The following 4 tests don't have an obvious fix with this test. I was hoping to get some help by the test authors.

LLVM :: CodeGen/Thumb2/v8_IT_5.ll
LLVM :: CodeGen/WebAssembly/cfg-stackify.ll
LLVM :: CodeGen/X86/licm-dominance.ll
LLVM :: CodeGen/X86/wineh-coreclr.ll

licm-dominance is a real pain because the undefineds get loop-optimized away and invalidate the test assumptions. It looks like it was never correct.

Feel free to disable CodeGen/WebAssembly/cfg-stackify.ll, such as by just removing the "| FileCheck %s" parts of the RUN lines, for now. I'm happy to fix the test and re-enable it myself later.

(This is a particularly hairy test. I'm hoping that MIR serialization will allow us to rewrite it in a less fragile way. But for now, it seems best to just disable it so that it doesn't block other work.)

iteratee updated this revision to Diff 57664.May 18 2016, 12:49 PM
iteratee removed rL LLVM as the repository for this revision.

Disabled cfg-stackify as requested.

Feel free to disable CodeGen/WebAssembly/cfg-stackify.ll, such as by just removing the "| FileCheck %s" parts of the RUN lines, for now. I'm happy to fix the test and re-enable it myself later.
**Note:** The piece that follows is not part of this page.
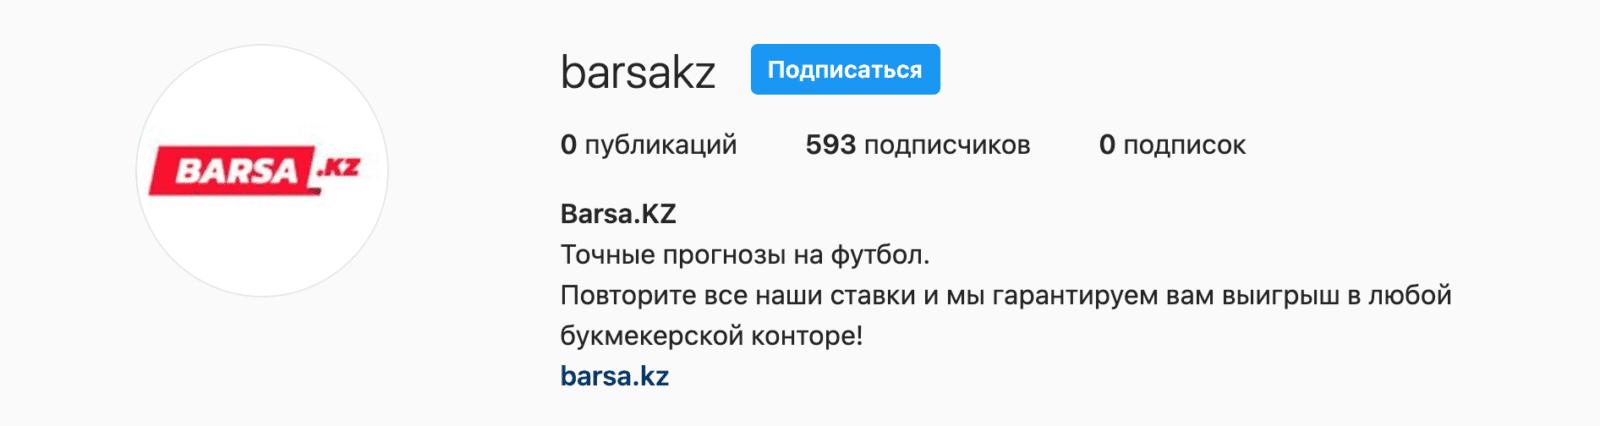 Инстаграм аккаунт www Barsa kz (Барса кз)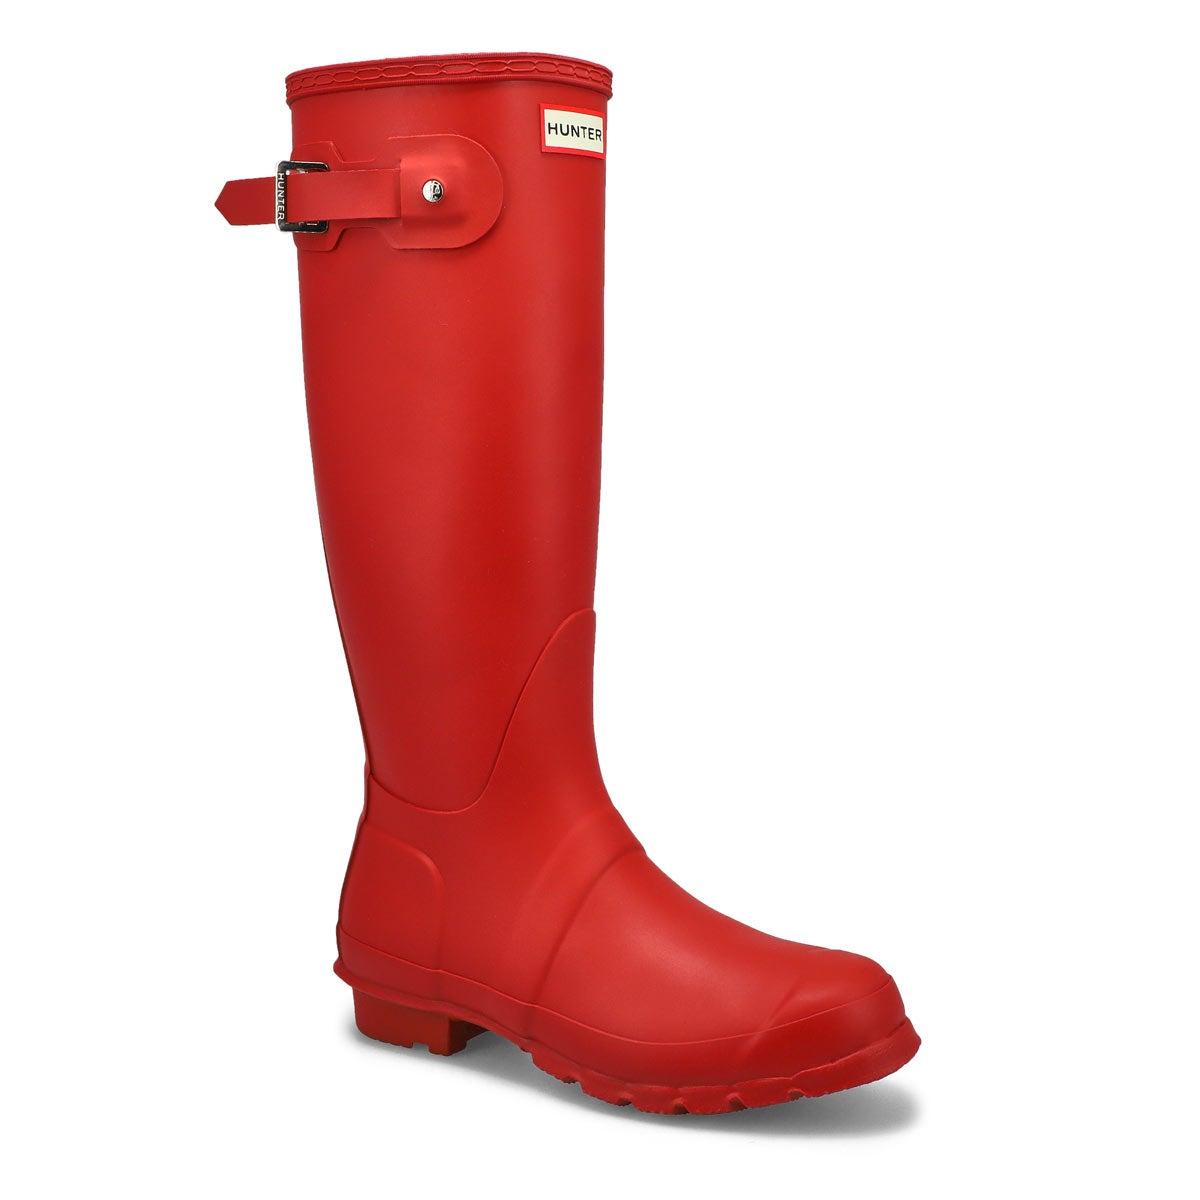 Women's ORIGINAL TALL CLASSIC red rain boots

(This is a particularly hairy test. I'm hoping that MIR serialization will allow us to rewrite it in a less fragile way. But for now, it seems best to just disable it so that it doesn't block other work.)

Done. Thanks.

iteratee set the repository for this revision to rL LLVM.May 18 2016, 12:50 PM

For CodeGen/X86/licm-dominance.ll I was specifically hoping that the test could be re-reduced with this change in place. I tried to create a test that would exercise the code in question, but I don't seem to understand licm well enough.

I just noticed that test/CodeGen/WebAssembly/mem-intrinsics.ll seems to be failing as well with this change.
If you can look at that as well, it would be awesome.

test/CodeGen/WebAssembly/mem-intrinsics.ll passes for me, with this patch applied. Let me know if there's anything I can help with.

Hi Kyle,

I think FallThrough does not have to be the CFG successor of MBB. It might be easier to understand it as the potential fallthrough block of either MBB or PrevBB.

Haicheng

lib/CodeGen/BranchFolding.cpp
1381

If you change FallThrough to MF.end(), I think you may miss this optimization.

This piece of code tries to optimize this case

PrevBB---MBB  FallThrough
      |____________|

Where MBB is the return block, PrevBB is both the layout predecessor and CFG predecessor of MBB, Fallthourgh is just a layout successor of MBB and must *not* be the CFG successor of MBB. In this case, MBB can be moved to the bottom of the MF and PrevBB can fallthrough to FallThrough.

1603

Similar situation here. Fallthrough is used to iterate all blocks below MBB in the layout to find the first non-EHPad. I think changing it to MF.end() may miss this one too.

iteratee updated this revision to Diff 57823.May 19 2016, 11:00 AM
iteratee removed rL LLVM as the repository for this revision.
iteratee marked 2 inline comments as done.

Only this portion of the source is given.